この実装を使用する場合は、進行中のレプリケーションに関する次の推奨事項に従ってください。

  • OCIは、バックグラウンドでOCI Block Volumesレプリケーションを自動的に実行します。システムのライフサイクル中に行う必要がある唯一のことは、プライマリ・ロールを持つシステムのボリューム・グループでリージョン間レプリカが有効になっていることを確認することです。
  • OCI Full Stack Disaster Recoveryを使用してスイッチオーバーおよびフェイルオーバーのタスクを自動化することを検討してください。OCIコンソールを使用して、1回のクリックでスイッチオーバーまたはフェイルオーバー計画を実行できます。ブロック・ボリューム・レプリカに関連するすべてのタスクの実行を簡略化すると非常に便利です。
  • レプリケーション機能は、バックアップ機能を補完するものであり、代替する機能ではありません。レプリケートするブロック・ボリュームのバックアップ・ポリシーを有効にしてください。

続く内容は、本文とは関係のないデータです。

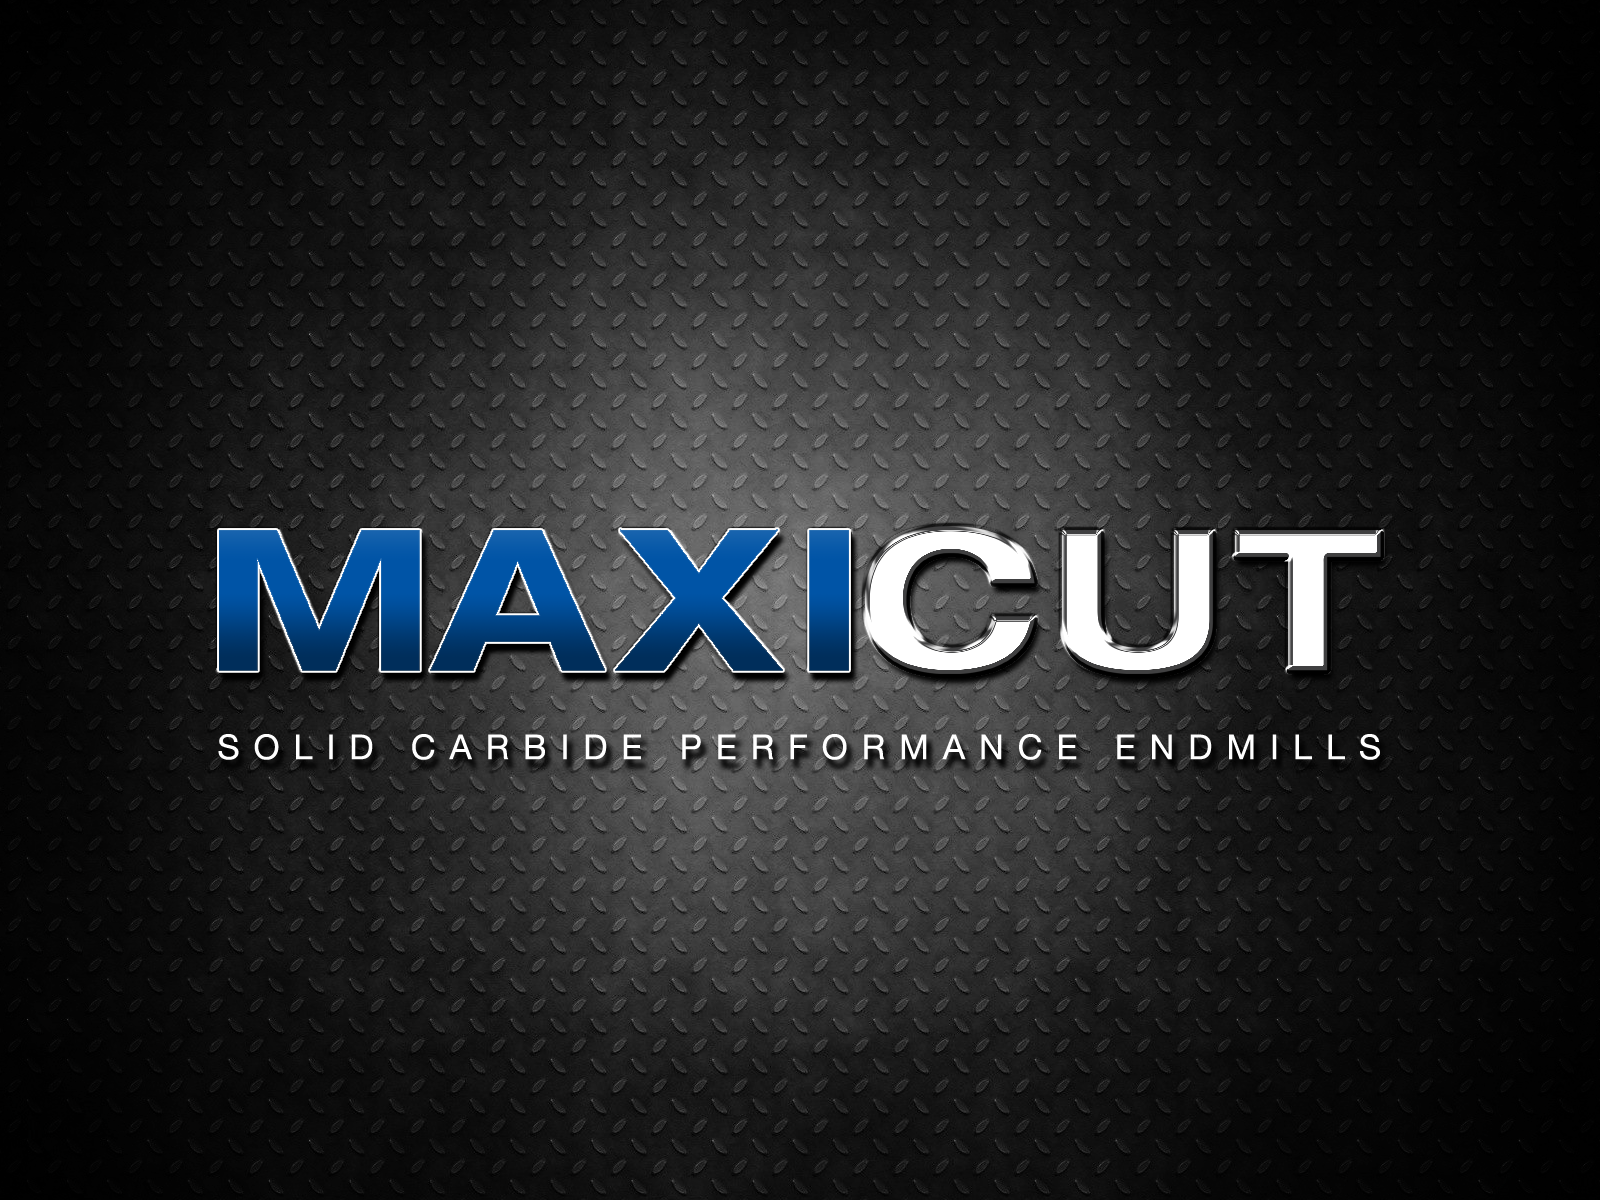 MAXICUT - High Performance (HPM) Solid Carbide Endmills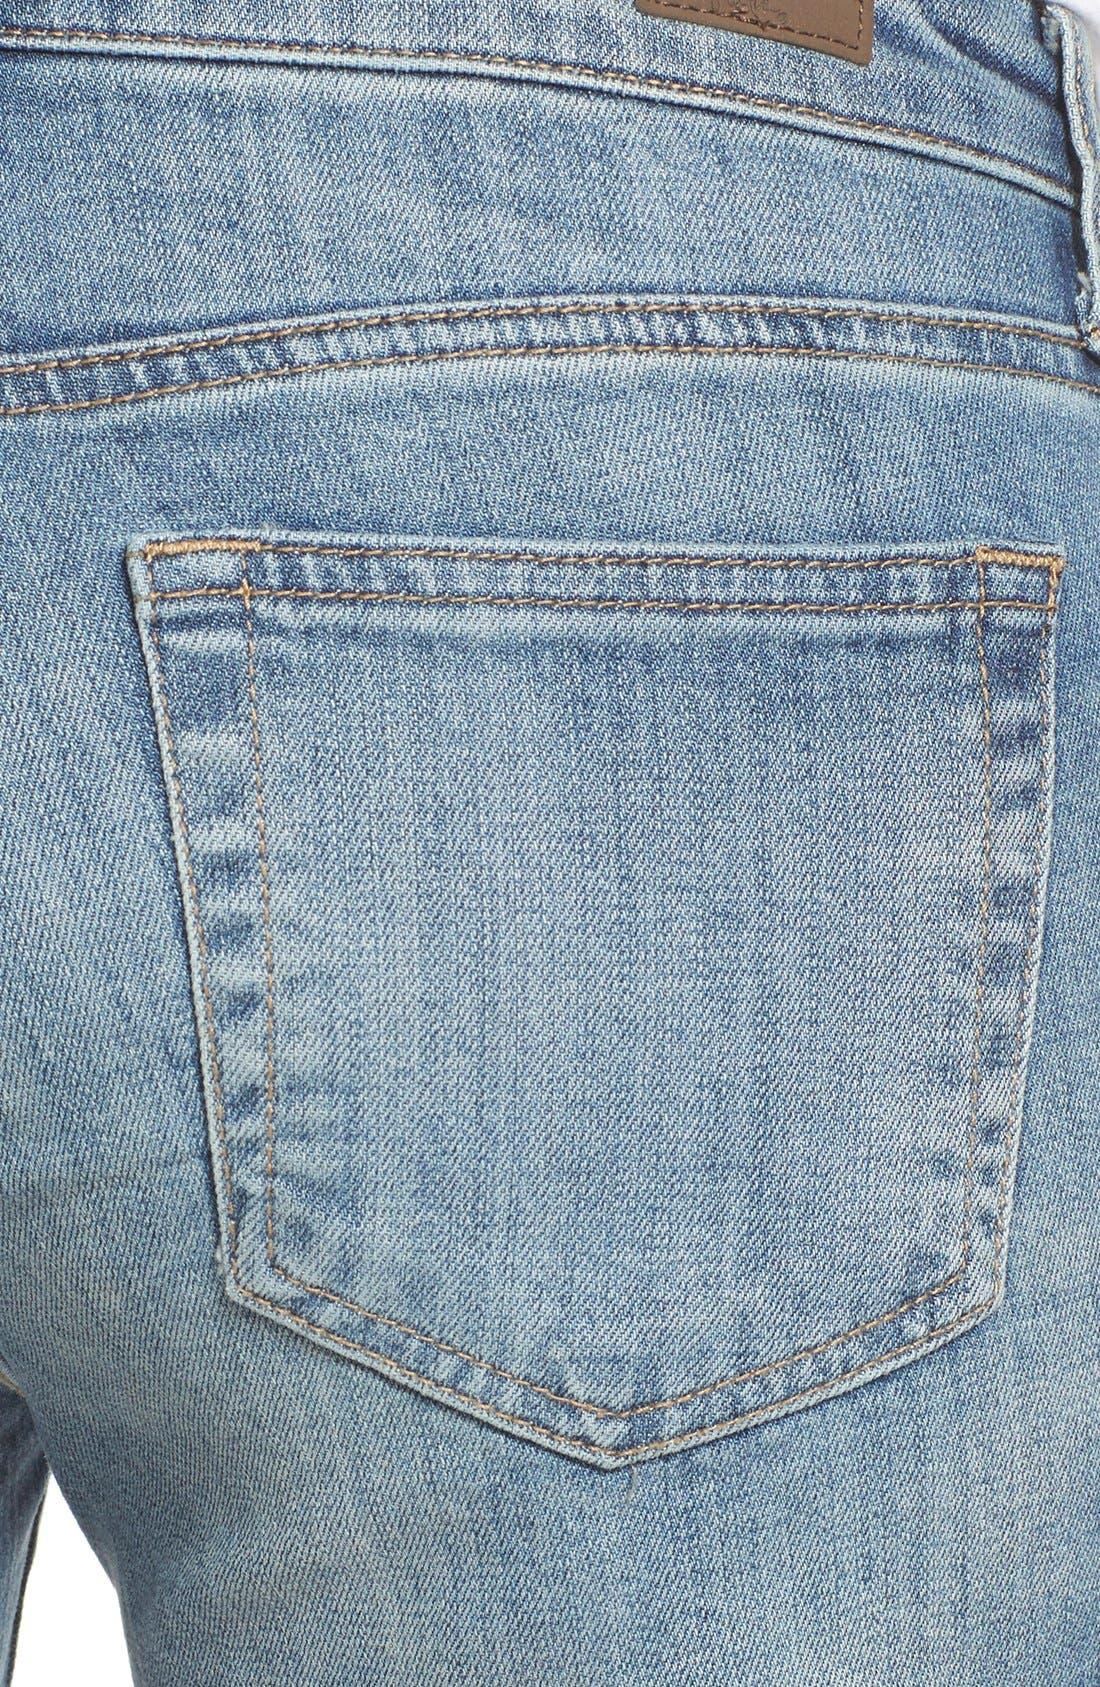 'Gidget' Denim Cutoff Shorts,                             Alternate thumbnail 7, color,                             420

これにより、リージョン間のレプリカに加えてデータ保護が提供され、ポイントインタイムにリストアできます。
  • 各サイトに固有の情報を保持し、最新の状態に保ちます。 たとえば、ファイル・システムに、Oracle Autonomous Databaseに接続するためのアーティファクトを含むフォルダが含まれている場合は、このフォルダのバックアップ・コピーを保持します。ウォレットで更新を実行する場合は、フォルダのバックアップを更新してください。このようにして、後続のスイッチオーバーおよびフェイルオーバーで正しくリストアされます。
  • スイッチオーバーまたはフェイルオーバー操作後にレプリカの方向を変更します。 このためには、次を実行します。
    • 新しいプライマリのOCIブロック・ボリューム・グループで、新しいスタンバイ・サイトのレプリカを有効にします。
    • 元のプライマリから前のレプリケーションを無効にし、未使用のブロック・ボリュームを削除します。